• _PROBLEM DESCRIPTION_:
In the entries that follow, find the line containing "Racism is a" and the line containing "Searching For Street", then retype exactly the lines from the first through the second, pictures excluded.

• _LISTED ENTRIES_:
:::::

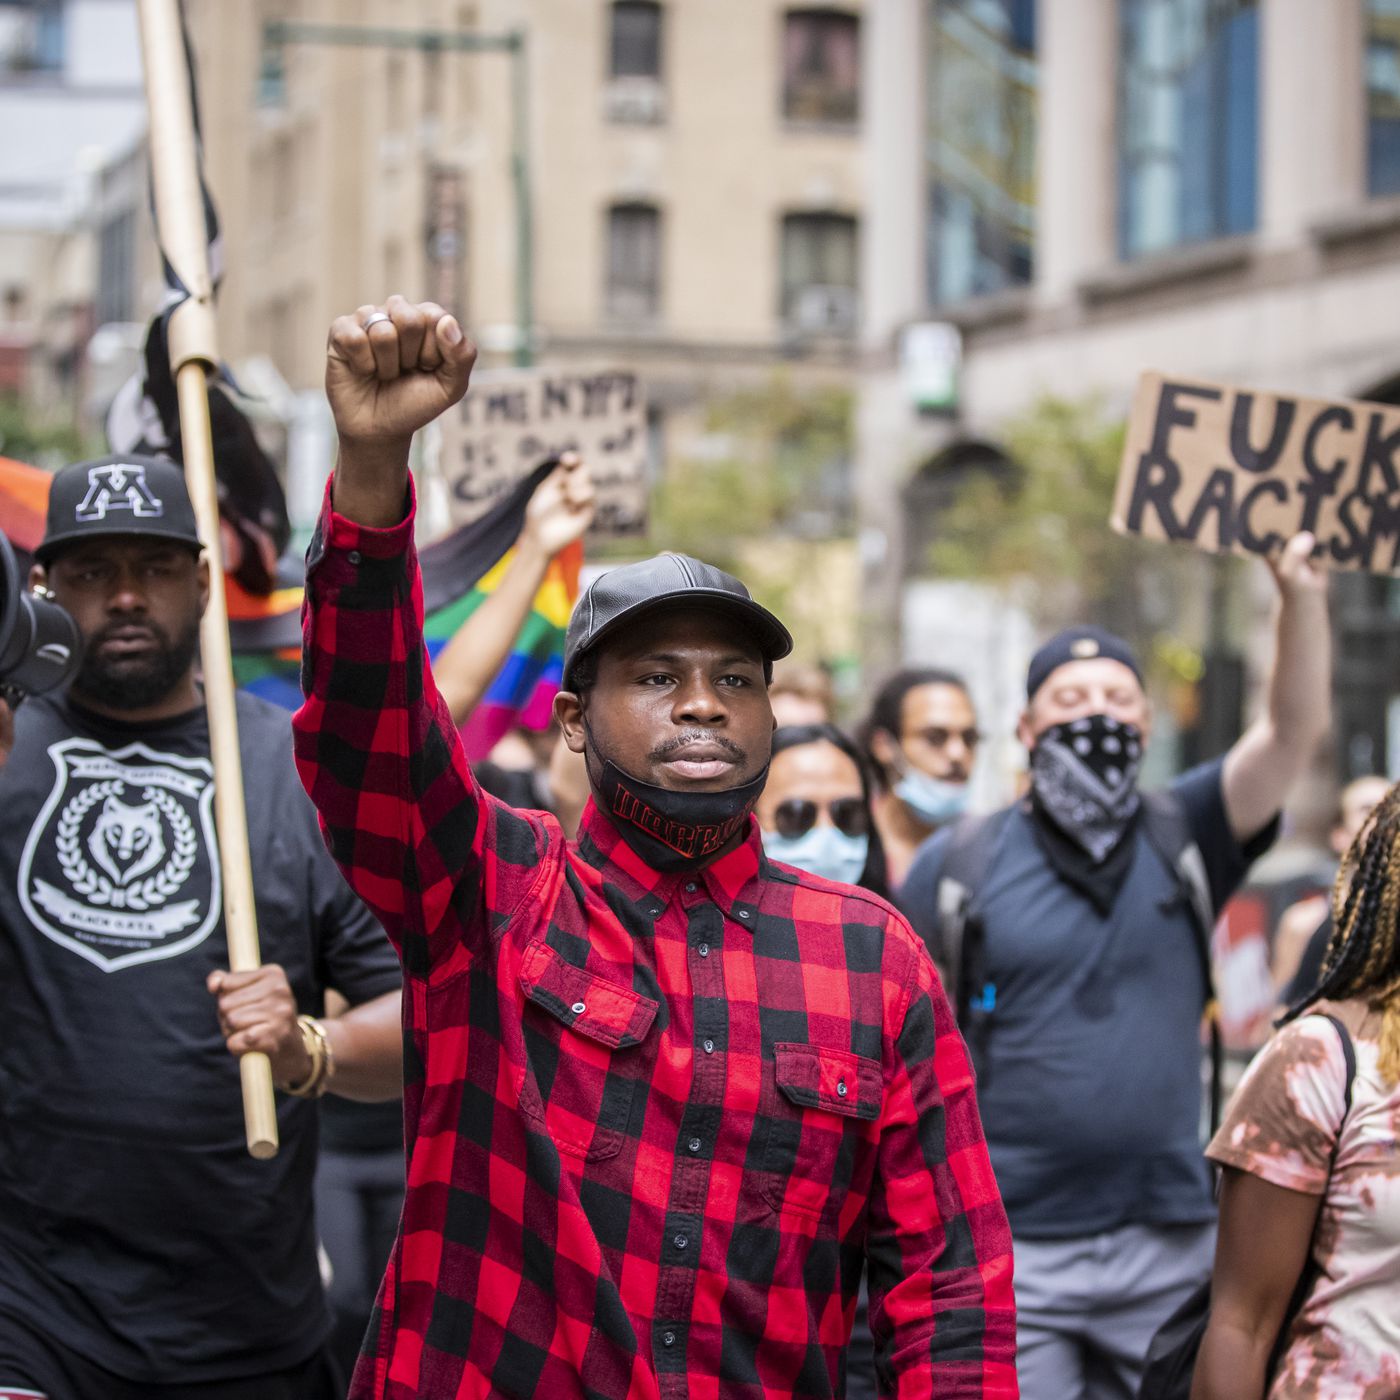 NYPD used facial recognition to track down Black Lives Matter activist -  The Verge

:::::

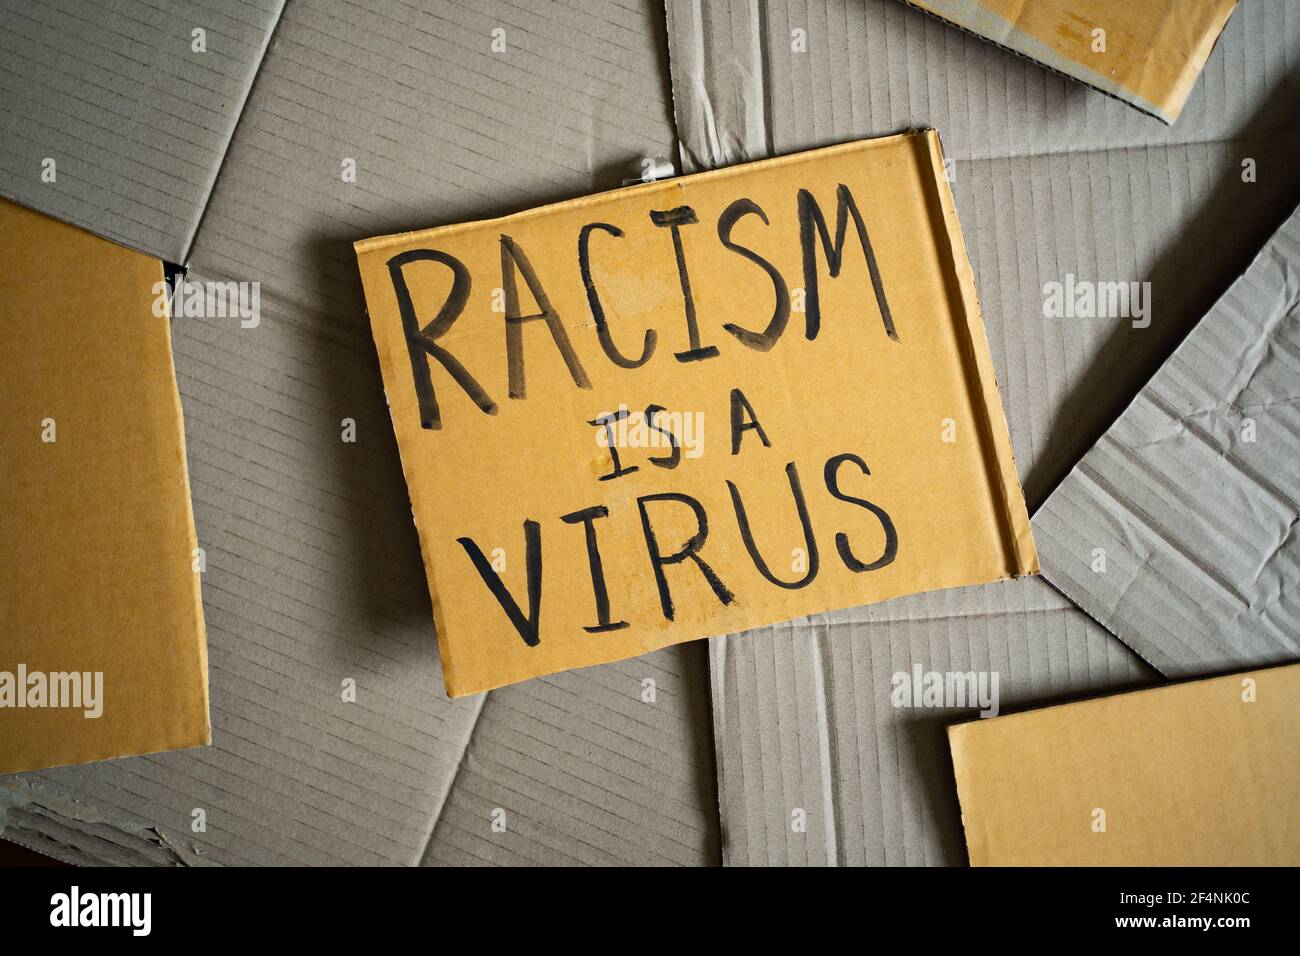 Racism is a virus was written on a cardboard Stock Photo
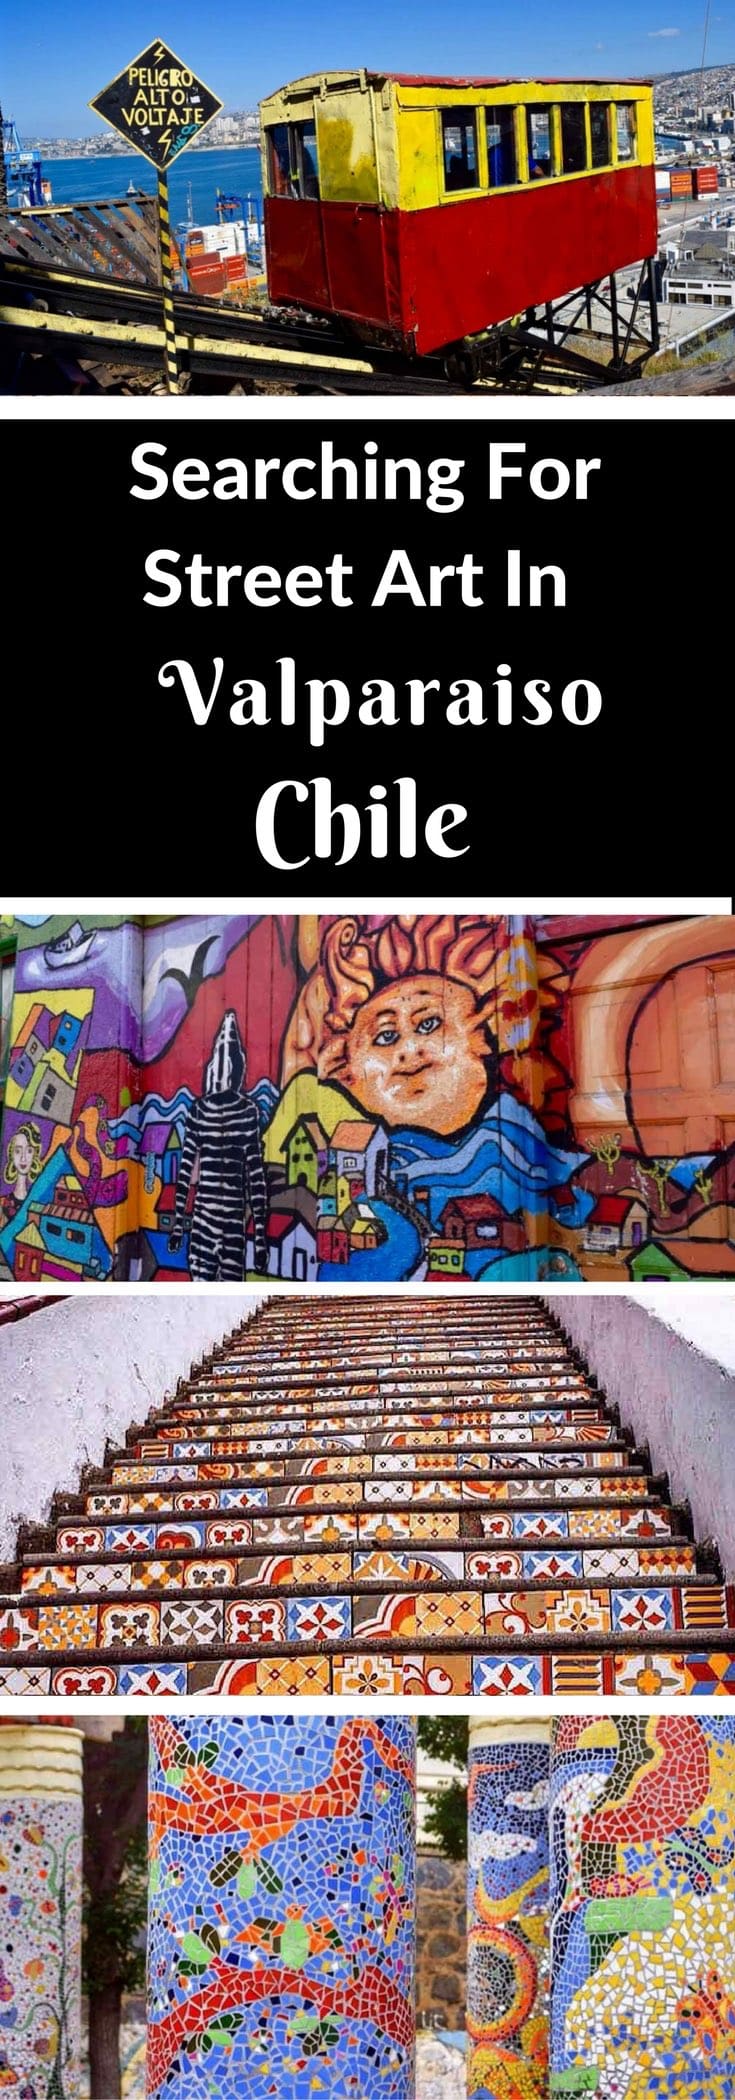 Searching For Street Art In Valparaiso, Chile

:::::

• _EXERCISE RESULT_:
 Racism is a virus was written on a cardboard Stock Photo
 Searching For Street Art In Valparaiso, Chile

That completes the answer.